Commit Graph

15 Commits

Author SHA1 Message Date
curo1305 95c7ed786a feat(06.2-03): backend — cloud-aware delete routing + skip_quota + remove_only param
- storage.delete_document gains skip_quota=False param; quota decrement gated on it
- DELETE /api/documents/{id} gains remove_only=bool query param
- Cloud docs (storage_backend != minio): attempt cloud backend delete_object first
  - On failure: return HTTP 200 {success: false, cloud_delete_failed: true} (not 4xx)
  - On success or remove_only: delete DB row with skip_quota=True
- Cloud creds/exception message never included in response body (T-06.2-03-02)
- Promote 3 xfail stubs to real tests (propagates, failure, remove_only)

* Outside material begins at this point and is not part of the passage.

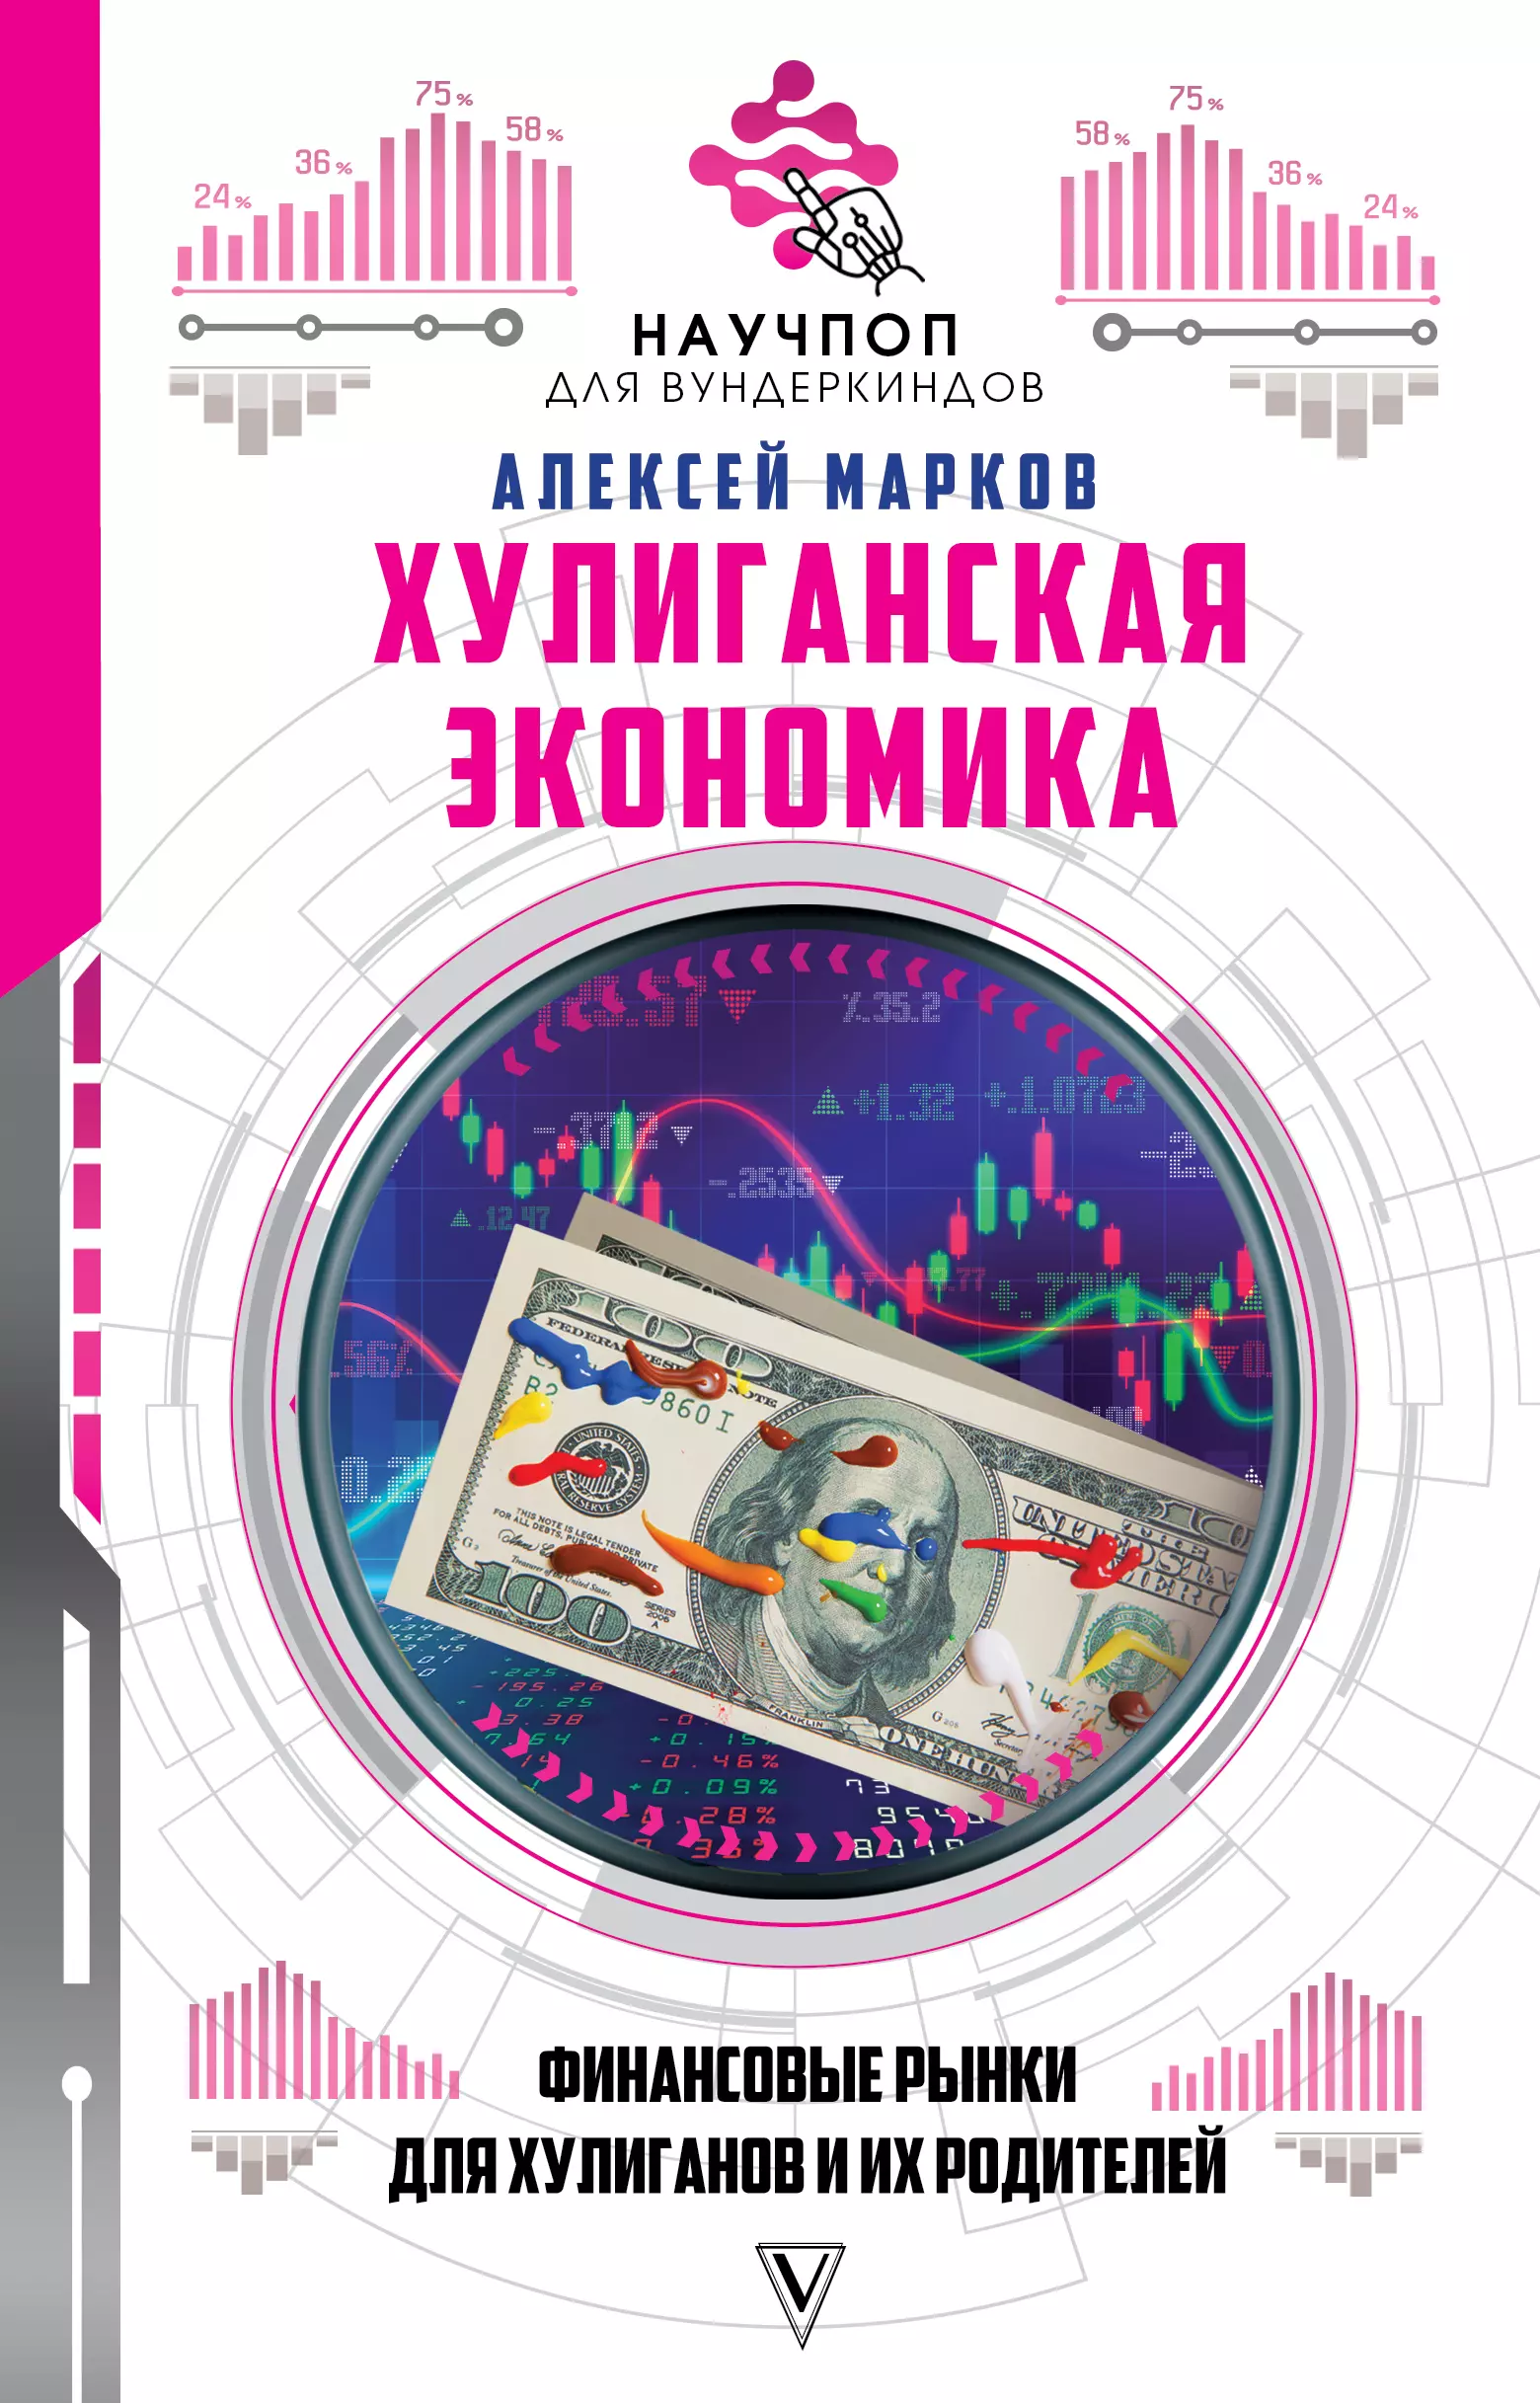 Марков Алексей Викторович - Хулиганская экономика: финансовые рынки для хулиганов и их родителей

Co-Authored-By: Claude Sonnet 4.6 <noreply@anthropic.com>
2026-05-31 15:09:44 +02:00
curo1305 bf7d86184d fix(documents): normalize UUID to undashed hex in raw SQL quota UPDATE
str(uuid) returns dashed format (xxxx-xxxx-…) which mismatches SQLite's
CHAR(32) storage (undashed hex). Replace with .replace('-', '') so the
WHERE clause matches in both SQLite (tests) and PostgreSQL (production).

Co-Authored-By: Claude Sonnet 4.6 <noreply@anthropic.com>
2026-05-30 18:57:02 +02:00
curo1305 b1a136b5be fix(05-12): resolve 3 critical code review findings
CR-01: add `except HTTPException: raise` before broad except in
stream_document_content — prevents 503 (reconnect prompt) from being
swallowed and replaced with misleading 502

CR-02: move pre-flight credential checks BEFORE Redis setex in
oauth_initiate — no orphan state tokens written for unconfigured providers;
also adds onedrive_tenant_id to OneDrive pre-flight condition (WR-02)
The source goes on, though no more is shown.